=== GIVEN INFORMATION ===
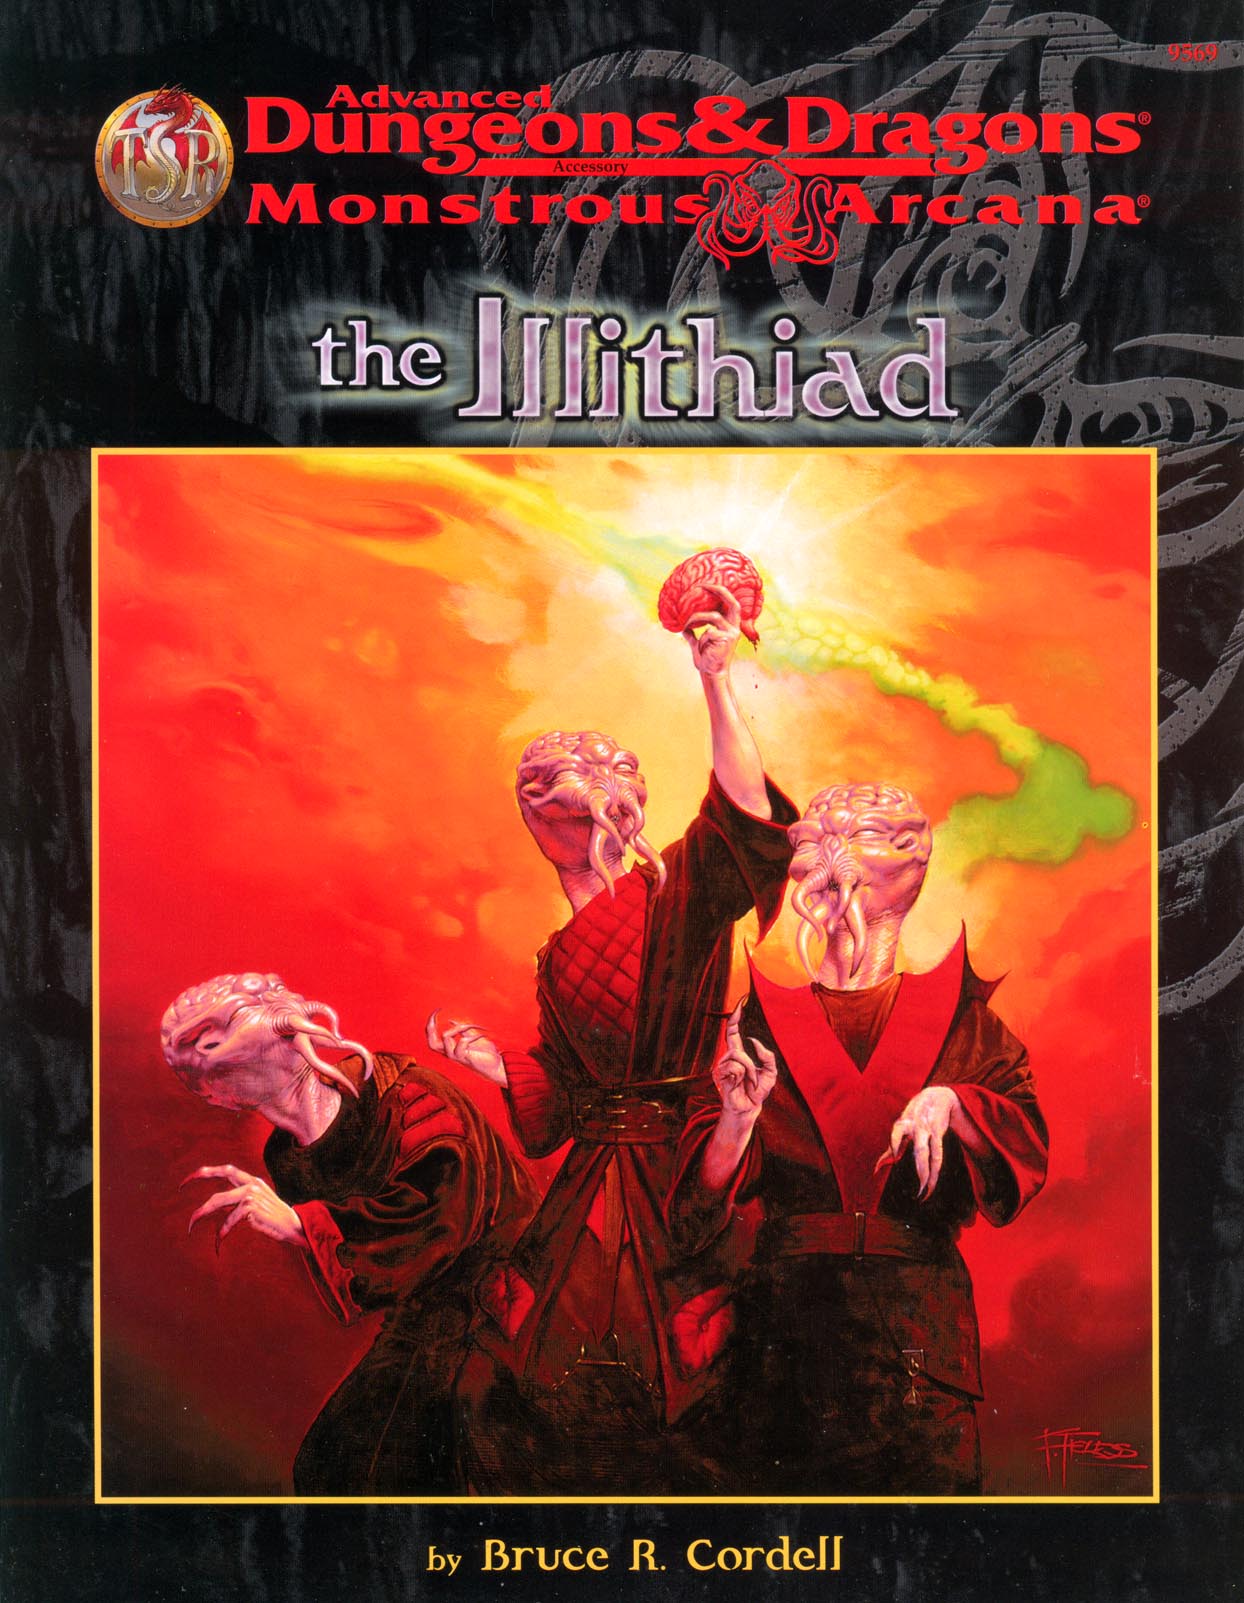 The IllithiadCover art
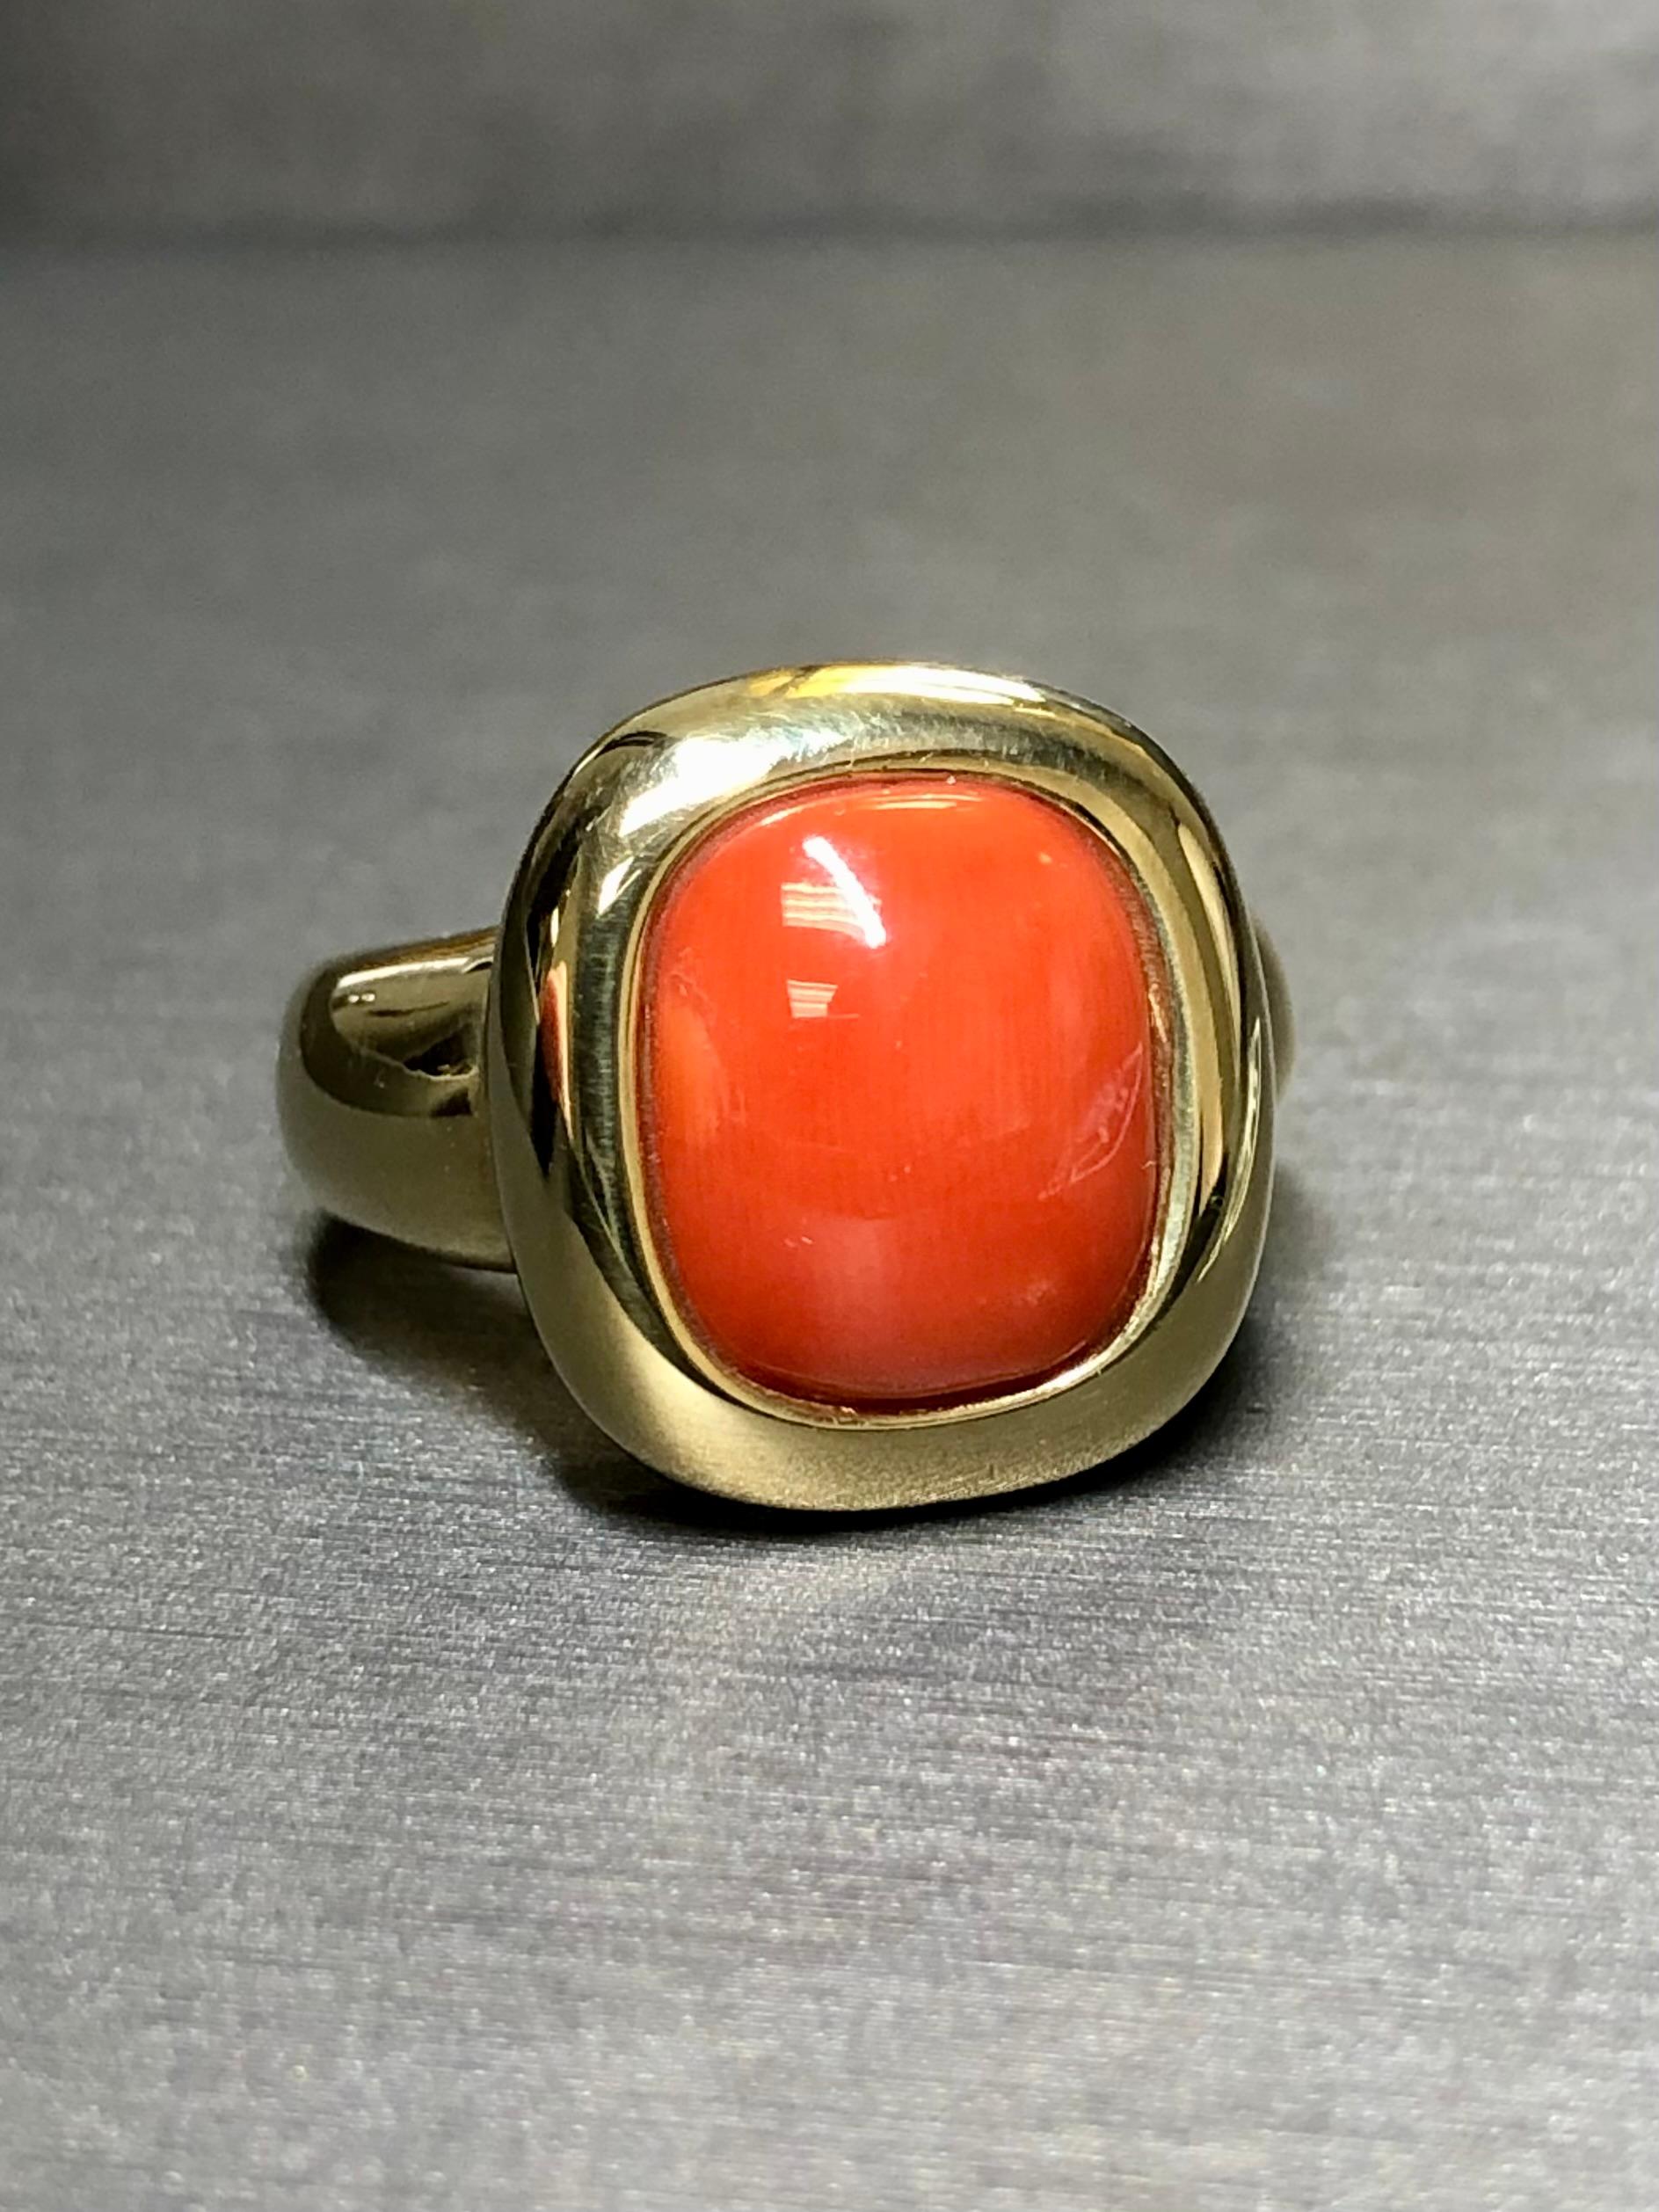 
A simple yet bold statement ring done in high polished 18K yellow gold and centered but a beautifully high polished cushion shaped cabochon red coral. A classic look sure to stand the test of time.


Dimensions/Weight:

Ring measures .70” x .60”

=== EXERCISE GOAL ===
Any images must be left out; transcribe the rest of the material exactly.

=== RESULT OF THE EXERCISE ===
 The IllithiadCover art
A simple yet bold statement ring done in high polished 18K yellow gold and centered but a beautifully high polished cushion shaped cabochon red coral. A classic look sure to stand the test of time.


Dimensions/Weight:

Ring measures .70” x .60”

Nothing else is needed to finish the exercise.